Figure 4.KmerExploR default usage: contaminations. All presented bar plots are direct output of KmerExploR and all bar plot datasets are described in Supplementary Table S1. For each bar plot, the legend lists the set of predictors for which k-mer mean counts are computed (details in Table 1). Samples are on the X-axis. Panels (A), (B) and (D) have the mean k-mer counts by gene normalized per billion of k-mers on the Y-axis. (A) Mycoplasma contamination on the Dataset-MYCO (33 single-read samples). (B) Virus detection on the Dataset-VIRUS-CCLE (22 paired-end samples). (C) Species determination on the Dataset-SPECIES (27 paired-end samples). For this category, after computing k-mer mean counts by species, they are converted in % (Y-axis) to avoid big expression differences between species. (D) HeLa determination on the Dataset-HELA-CCLE (three paired-end samples). The sample in the middle is a HeLa cell line and the two others are negative controls (SF767 and SiHa cells).

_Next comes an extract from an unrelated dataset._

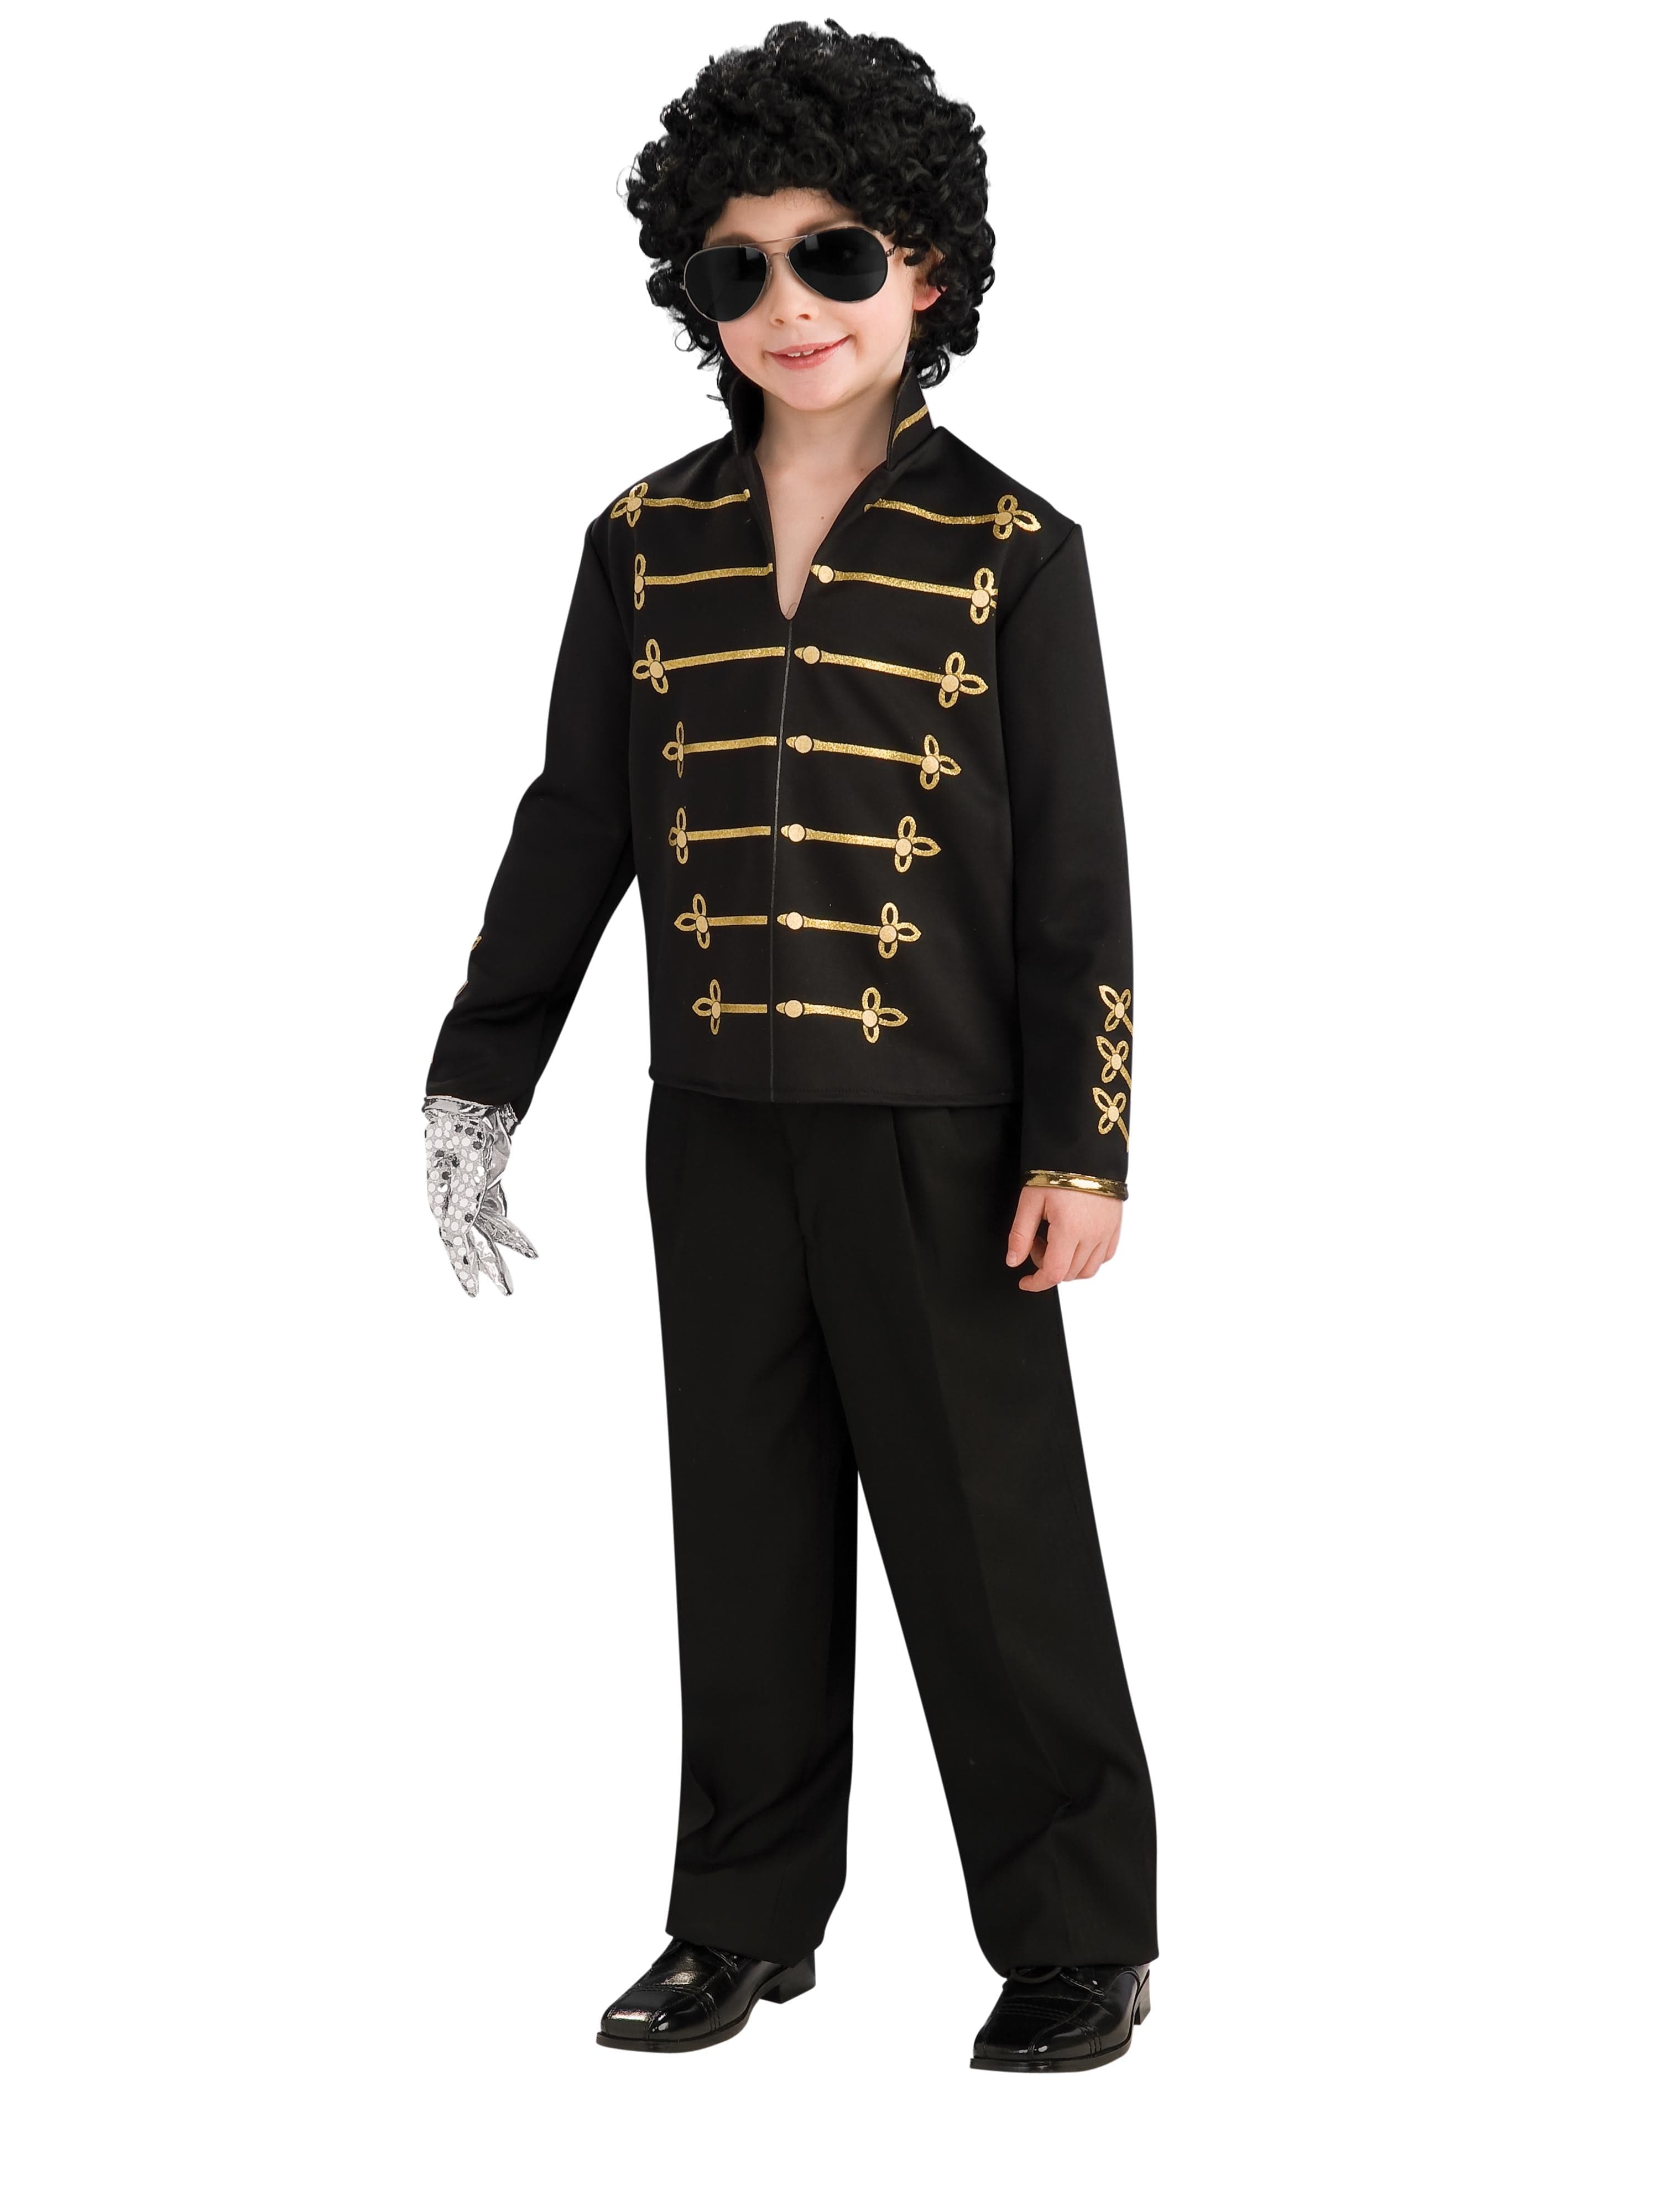 Kids' Michael Jackson Military Jacket Costume - costumes.com

Figure 5.KmerExploR advanced usage: quantification of transcriptomic events outside the annotations. All presented bar plots are direct output of KmerExploR and they are all generated from the Dataset-LEUCEGENE described in Supplementary Table S1 (131 paired-end samples). This dataset includes normal CD34+ cells as control (in green on the X-axis) and different AML subtypes (in black on the X-axis). For each bar plot, the legend lists the set of predictors for which k-mer mean counts normalized per billion (Y-axis) are computed. (A) Chimera detection. Two well-known fusion RNAs associated with chromosomal translocation and their reciprocal counterparts are presented: RUNX1–RUNXT1 t(x,21) and PML–RARA t(15,17). (B) Mutation detection. TET2, KRAS and CEBPA genes are used in AML diagnosis. The bar plot shows four different mutations for these genes, detected specifically in some AML samples. The reference allele for each of these mutations is detected in almost all samples. (C) New lncRNA detection: NONE ‘chr2-p21’ lncRNA described in (23). This transcript is expressed in the whole dataset but shows different levels of expression depending on AML subtype.